← Back to W30D1

Endpoint Designer

The three endpoints every AI MVP should expose

How to Read This Page

Each endpoint below is a worked example of what your team's api/api_design.md should contain. Every endpoint has four parts: purpose, request schema, response schema, and error conditions. Plus the anti-GenAI requirement: why this endpoint exists.

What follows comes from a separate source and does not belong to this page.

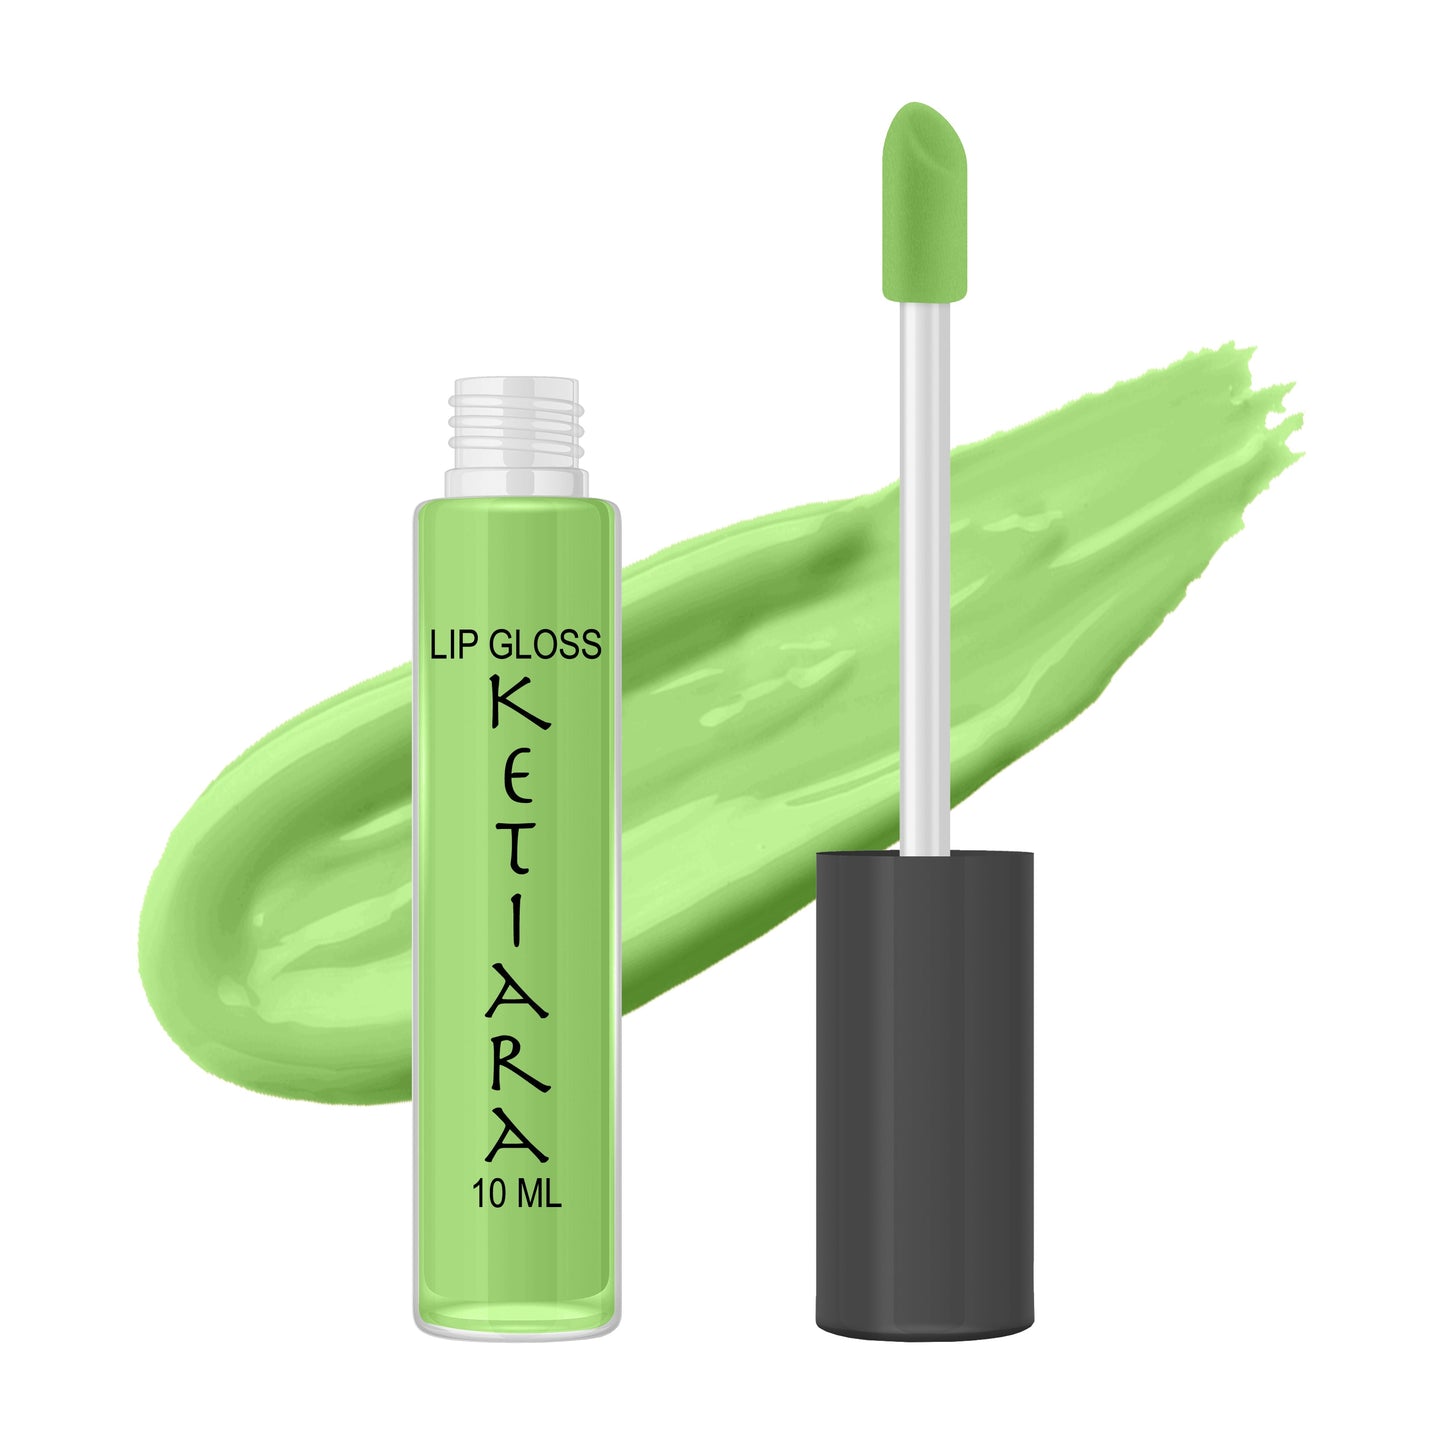 Pistachio Hydrating And Moisturizing Non-sticky Premium Mild Tinting Lip Gloss Infused With Hyaluronic Acid

Your job in Breakout 1: copy this structure for a product of your team's choosing. Don't just rename fields — pick a real capability and justify each endpoint.
POST /v1/predict
Why this endpoint exists: the product capability is "get a prediction from the model given a product-meaningful input." Every client — web, mobile, batch pipelines, other services — calls this same endpoint. The model behind it can change; this contract doesn't.
Request
Response
Errors
curl

Headers

Content-Typeapplication/json
X-Request-Idoptional client-supplied trace ID

Body

{
  "text": "string, required, 1-5000 chars",
  "options": {
    "return_probabilities": false
  }
}
{
  "prediction": "positive",
  "confidence": 0.94,
  "request_id": "req_01HXYZ...",
  "model_version": "1.2.0"
}

confidence is a float 0.0–1.0. model_version lets clients invalidate caches when the model changes without the contract changing.

CodeWhenBody
400Missing required field{"error": "text is required"}
413Input exceeds 5000 chars{"error": "text too long"}
422Validation failed (wrong type, etc.)FastAPI validation detail
429Rate limit exceeded{"error": "rate limit", "retry_after": 30}
503Model unavailable / overloaded{"error": "model unavailable"}
curl -X POST http://localhost:8000/v1/predict \
  -H "Content-Type: application/json" \
  -d '{"text": "I loved this product"}'
GET /health
Why this endpoint exists: load balancers, orchestrators, and monitoring systems need a cheap, side-effect-free way to ask "is this service alive?" A failing /health takes an instance out of rotation before users see errors.
Request
Response
Errors

No body. No auth. No rate limit.

GET /health
{
  "status": "ok",
  "uptime_seconds": 84231,
  "model_loaded": true
}
Common mistake: don't make /health call your model or database. A health check that hits every downstream service turns one slow dependency into a cascading outage. Use /readiness for that if you need it.
CodeWhen
503Service is starting up or shutting down
GET /metadata
Why this endpoint exists: clients and debug tools need to know which version of the contract they're talking to without parsing a URL or reading a changelog. Support engineers read this field first when a user reports a problem.
Request
Response
GET /metadata
{
  "api_version": "1.2.0",
  "model_version": "sentiment-classifier@2026-04-12",
  "supported_languages": ["en", "es"],
  "max_input_length": 5000,
  "rate_limit_per_minute": 60
}

Keep this endpoint cheap. It's read by every client on startup, and sometimes on every request.

Design Review Checklist

Use this in Breakout 2 when reviewing another team's design:

Purpose

Can you explain the endpoint in one sentence without using words like "handle" or "process"?

Request schema

Are field types, required-ness, and constraints explicit? Could you mock this without asking questions?

Response schema

Is the shape the same on success? Are nullable fields marked? Is there a request_id?

Error conditions

Every 4xx and 5xx you can trigger should be listed with the body shape and a human-readable reason.

Leak check

Does the request or response mention model names, token IDs, internal DB fields, or infrastructure? That's a leak. Rename or remove.

Versioning

Is the URL prefixed with /v1/? If not, how will you introduce a breaking change?